The Federal Communications Commission today released a tip sheet to help consumers and businesses avoid paying unauthorized charges on their monthly phone bills.
The FCC says that "cramming," which basically means adding unauthorized charges to phone bills, is illegal and that carriers who engage in cramming can expect to be punished with heavy fines. Last week the FCC's Enforcement Bureau proposed slapping $11.7 million in penalties against four local telephone companies that the commission says levied unlawful fees on their customers.
In conjunction with this, the FCC put out several tips for how to identify cramming charges and how to report them to both your carrier and the FCC if necessary. The FCC says the first step is to know what to look for if you suspect you've been illegally charged. Most cramming charges are added fees on your phone bill for services that you didn't authorize, such as long-distance calling or voicemail. The FCC notes that these charges are often hidden in 20-page phone bills and can be given cryptic labels such as "monthly fee," "service fee" or "other fees."
During his remarks on the FCC's new anti-cramming program today, FCC Chairman Julius Genachowski told a story about a woman in Missouri who had received long-distance calling fees on her phone bill even though she had never authorized the service. When she asked the company to send her the authorization form she supposedly signed, the company sent her a form with a different person's name, address and telephone number. Even then, Genachowski said, the company was only willing to reimburse her for a fraction of the faulty charges.

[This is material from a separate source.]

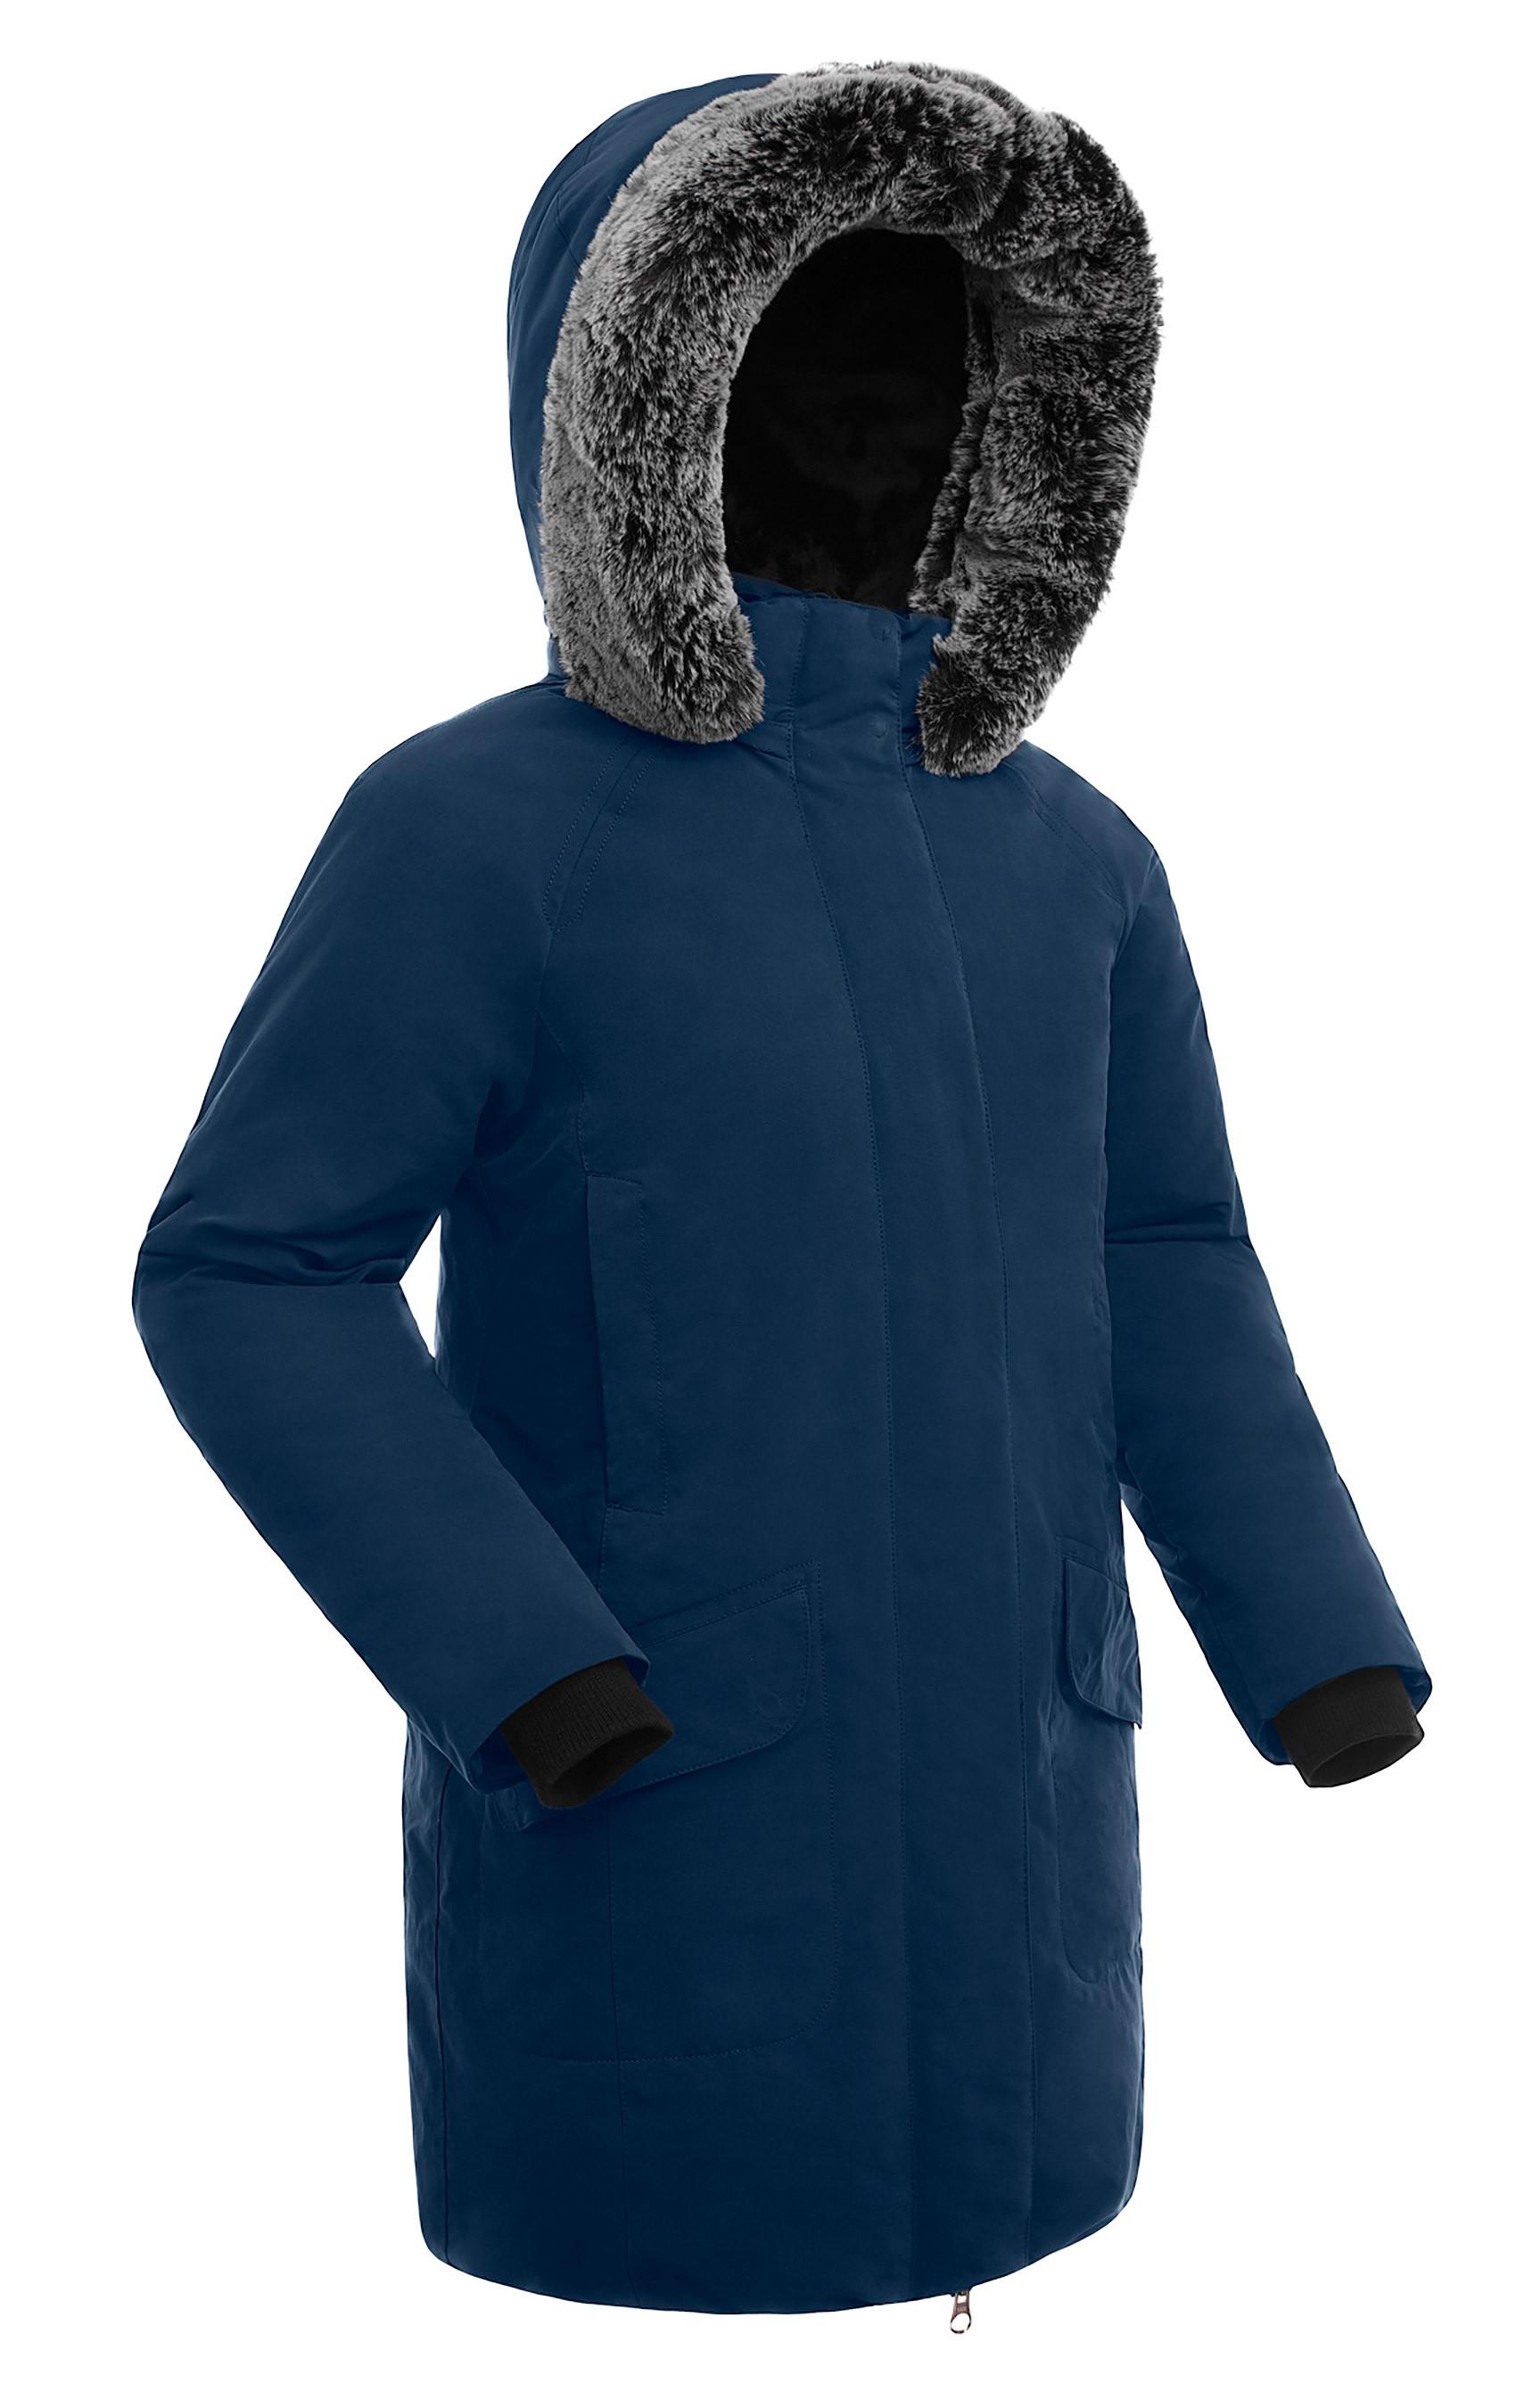 c0cbe7a3ef7d Куртка пуховая женская BASK ISIDA темно-синяя, производитель ...

The FCC says that stories like these are reasons for consumers to carefully go over their monthly phone bills and ask themselves key questions about whether they recognize all of the companies listed on the bill, whether they received services from those companies and whether the bill includes charges for calls they didn't make. The FCC says that if you come across a company whose name you don't recognize, ask the phone company to provide a detailed explanation of why the charge is there, including both the nature of the company making the charge and the service the company supposedly provided.
The FCC recommends first contacting the phone company directly to address faulty charges. But if the company proves unresponsive, the commission recommends filing a formal complaint against the company with either a state public service commission, the Federal Trade Commission or the FCC itself.
Over the past year the FCC has been holding a series of hearings about unexpected fees and charges that customers have been exposed to on their phone and Internet bills. Late last year the FCC announced a settlement with Verizon in which the carrier agreed to pay the commission $25 million as well as more than $50 million in refunds to customers who were billed for inaccurate data charges. The FCC also released a survey last year conducted by research firms Abt/SRBI and Princeton Survey Research Associates that found that 17% of U.S. cellphone users said that their bills had "increased suddenly from one month to the next [even if they] did not change the calling or texting plan" they subscribed to.